Problem details: Would you return, word for word, the lines running from the one with "LDX-028(B)Fully automatic CNC" to the final line of the listing below, pictures omitted?

Information supplied:
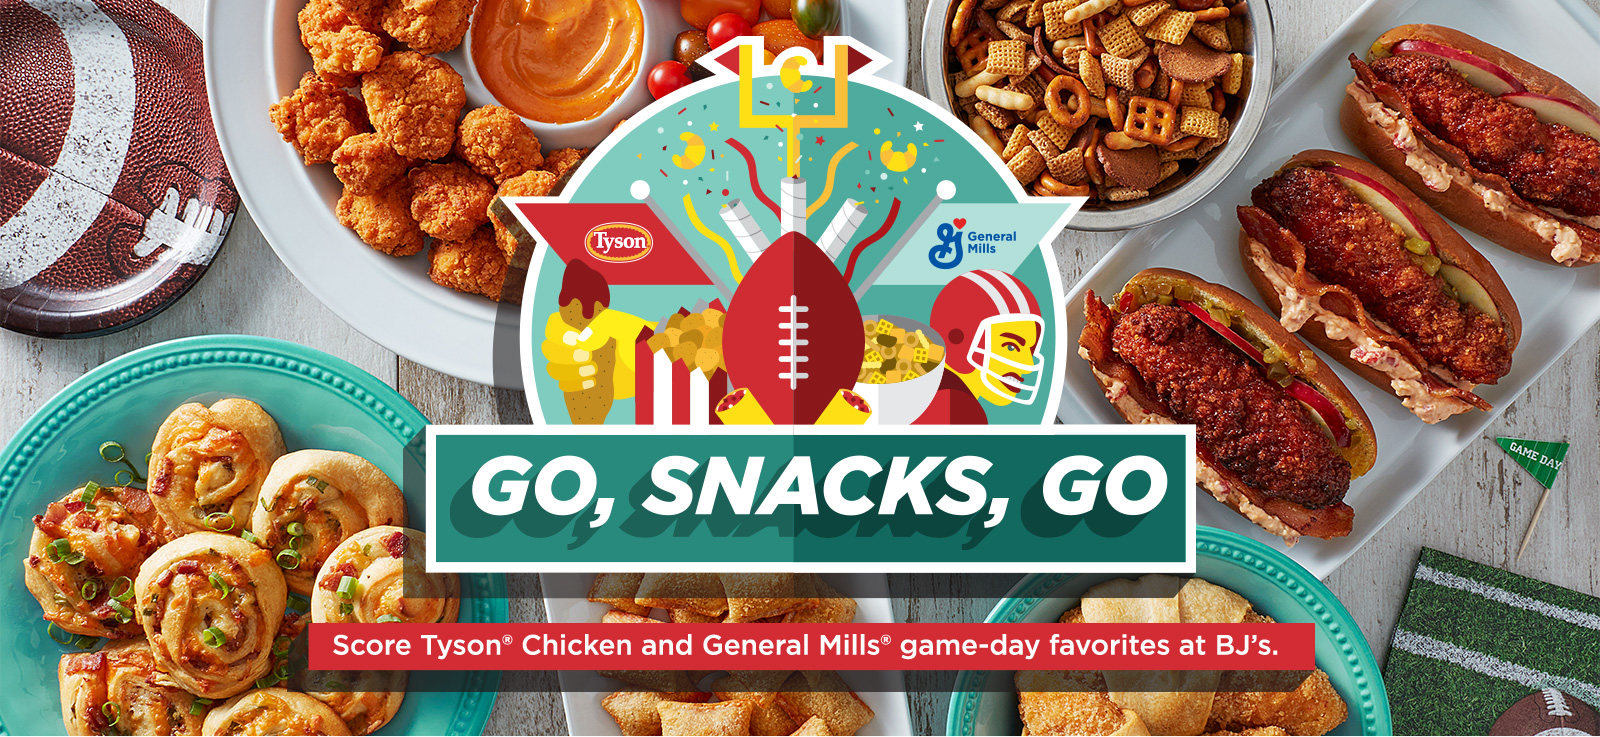 Go, Snacks, Go - Score Tyson® Chicken and General Mills® game-day favorites at BJ's
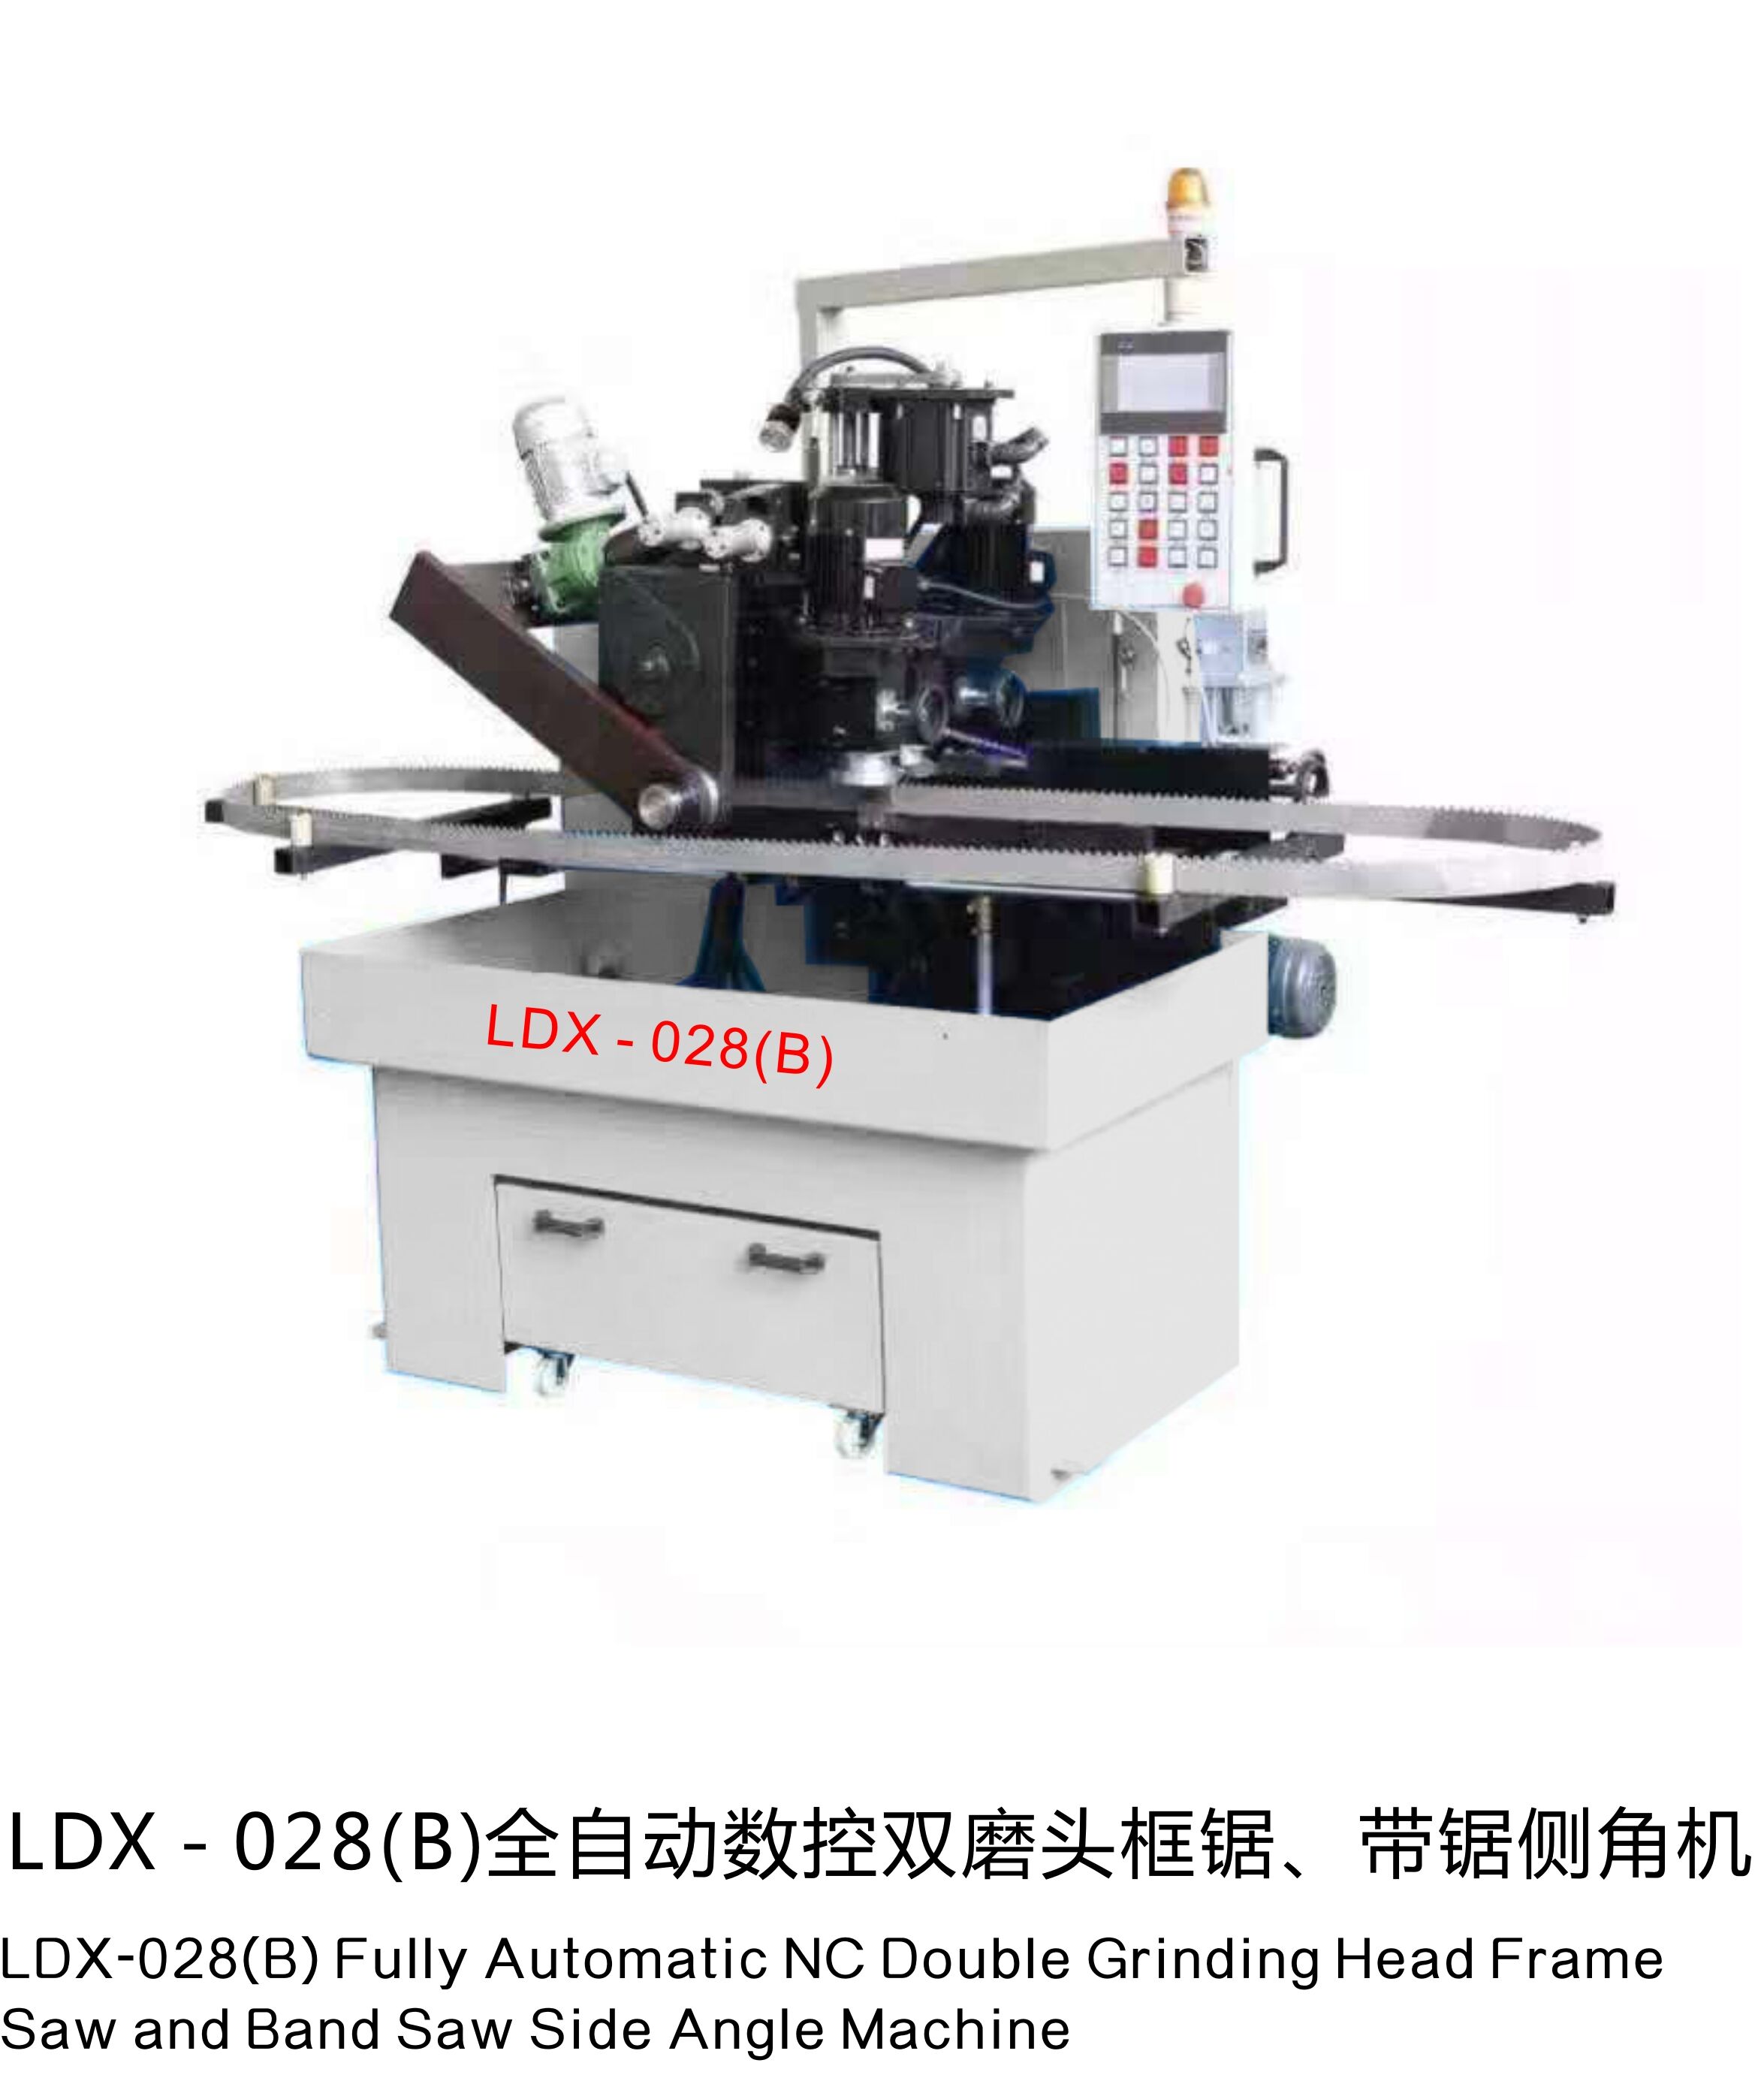 LDX-028(B)Fully automatic CNC double grinding head frame saw, band saw side angle machine
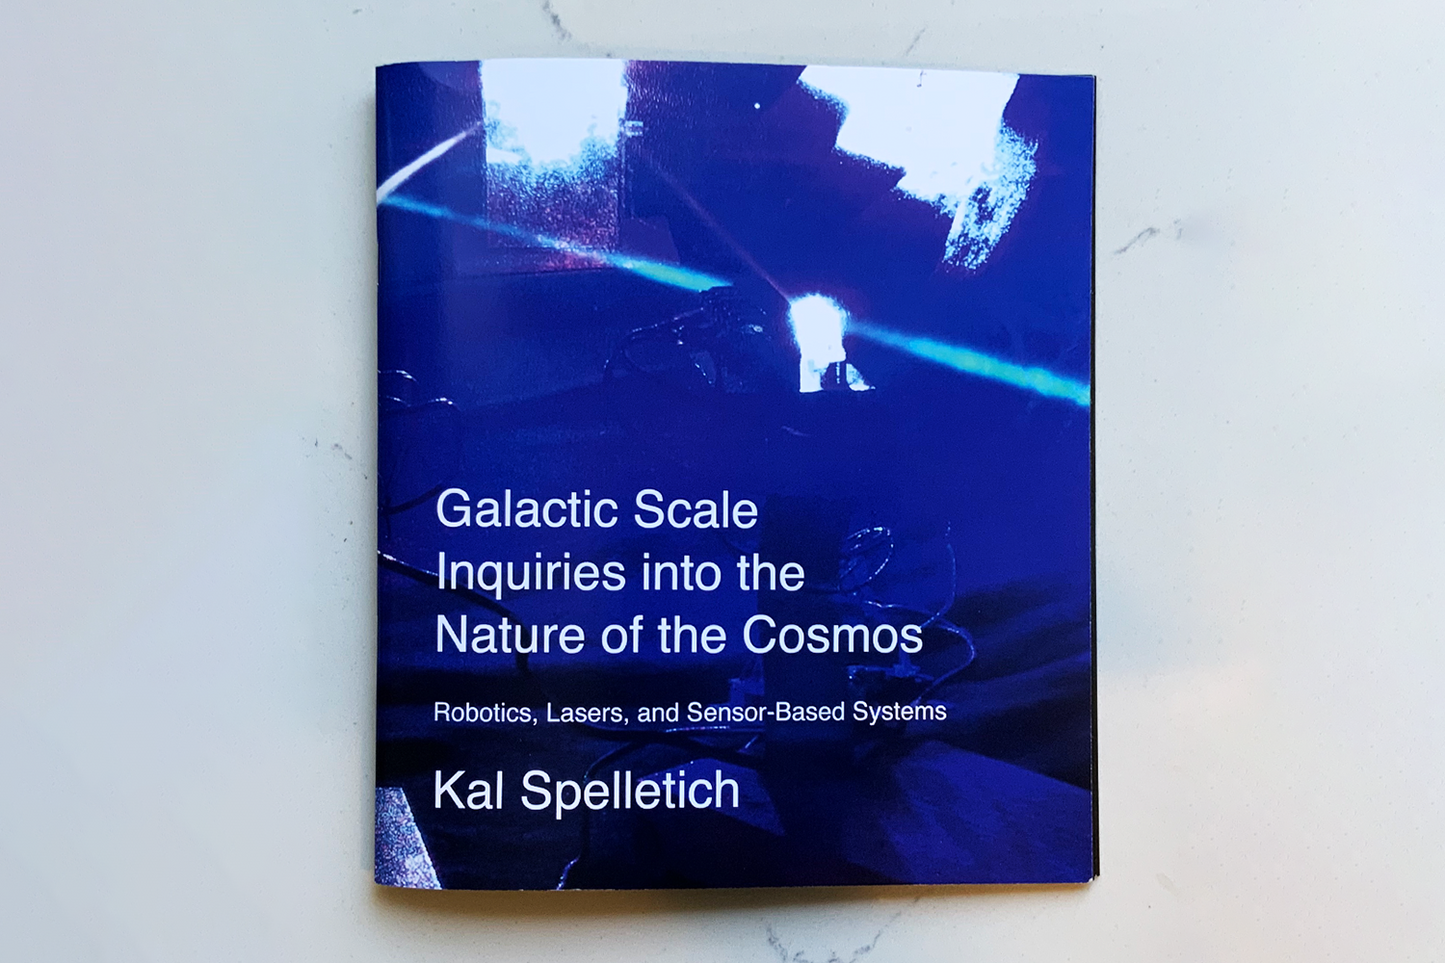 Galactic Scale Inquiries into the Nature of the Cosmos

Written answer:
 LDX-028(B)Fully automatic CNC double grinding head frame saw, band saw side angle machine
 Galactic Scale Inquiries into the Nature of the Cosmos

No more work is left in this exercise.